I’m expecting everyone to boo and throw things but to my surprise, they all cheer. Some people even start mimicking me.
Turns out being Izzy isn’t half as bad as I thought it would be, but I’d be lying if I said I wasn’t in a hurry to get off the field and be Sawyer again.
The sound of the buzzer is music to my ears and when I look up, I see Lucky Seven being rushed by his teammates.
I can’t see his face since his helmet is still on, but I can feel the energy radiating off him.
It’s addicting.
I must be staring at him for too long though, because Bianca sidles up to me and whispers, “Ogle my brother any longer and Casey’s gonna test your armor out, Knight.”
Shit.
Turning, I promptly follow the cheerleaders off the field.
“You were amazing, Casey,” Morgan coos.
Kiss ass.
“I know.” Casey fluffs her hair and pouts. “But I really need to lose five pounds.”
Seriously? The girl is a size two on a bad day.
Behind them, I see Bianca exchange an eye roll with Caitlyn and another girl.
“Oh, please, girl,” Morgan tells her. “You’re perfect.”
“I know, but the head cheerleader of the Bears is skinnier and goes higher than me when she flips.” She whips a compact out of her bag. “I really want to be a cheerleader at Duke’s Heart, and they’re picky with who they accept on the team. Losing five pounds would give me an advantage.”
“You could always try low-carb.”
Casey looks at her friend like she’s a bug in her soup. “I already do no carb, Morgan.”
Bianca clears her throat. “You know, my dad’s pharmaceutical company recently developed this new protein bar that’s supposed to help athletes lose weight in a short amount of time. I can try to get you some if you want, but I should warn you, it’s really powerful and it’s still in the beginning stages, so it hasn’t been approved by the Food and Drug Administration yet.”

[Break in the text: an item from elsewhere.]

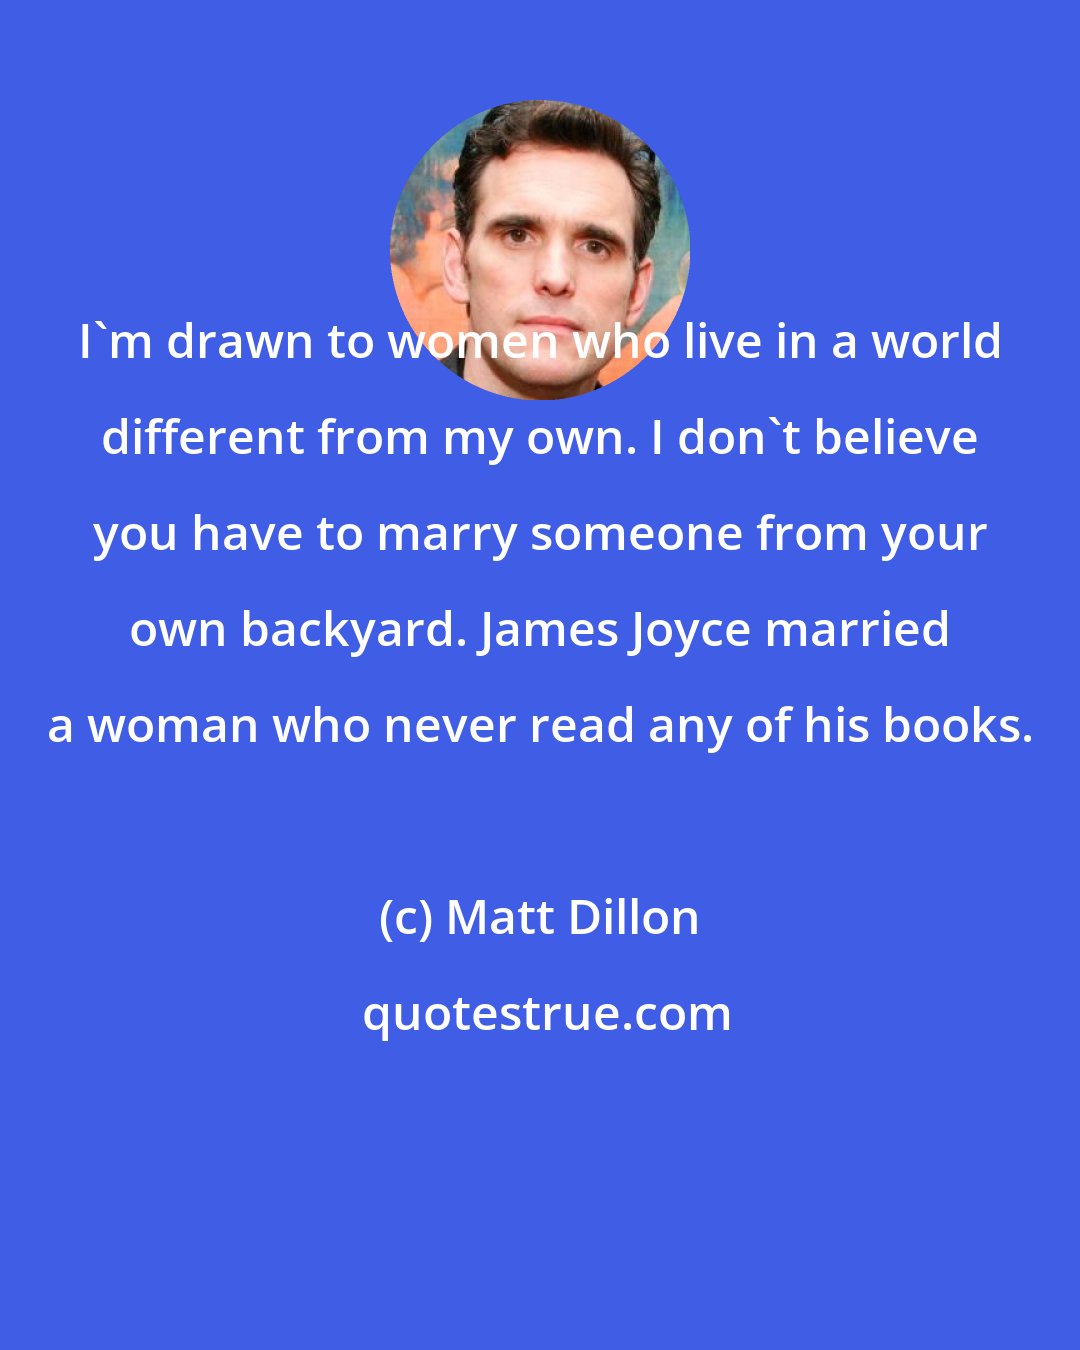 Matt Dillon: I'm drawn to women who live in a world different from my own. I don't believe you have to marry someone from your own backyard. James Joyce married a woman who never read any of his books.

Casey stops in her tracks. “Does it work?”
Bianca nods. “I dropped three pounds this week. It gives you the shits like crazy though.”
Morgan crinkles her nose. “Gross.”
Bianca shrugs. “Like I said, this stuff is no joke. Plus, it’s how you lose all the weight. It has to go somewhere, you know?”
Casey thinks about this for a moment. “I suppose there’s no harm in trying it out.”
Morgan makes a face. “Don’t be dumb, Casey. I wouldn’t take anything from this little bit—”
“Well, it’s a good thing you’re not taking it then, huh?” Casey counters. “Although truth be told, you probably should. Your ass is getting huge.”
There are a lot of things wrong with Morgan, but the size of her ass isn’t one of them.
“Oakley told me my ass looked great today.”
Casey makes a noise of disgust. “You mean the stoner who’s repeating his senior year of high school?” She tosses her head back and laughs. “Please. That moron can barely string two decent sentences together, let alone form a cohesive thought or opinion that anyone important actually cares about.”
I open my mouth to defend my friend…but remember I can’t.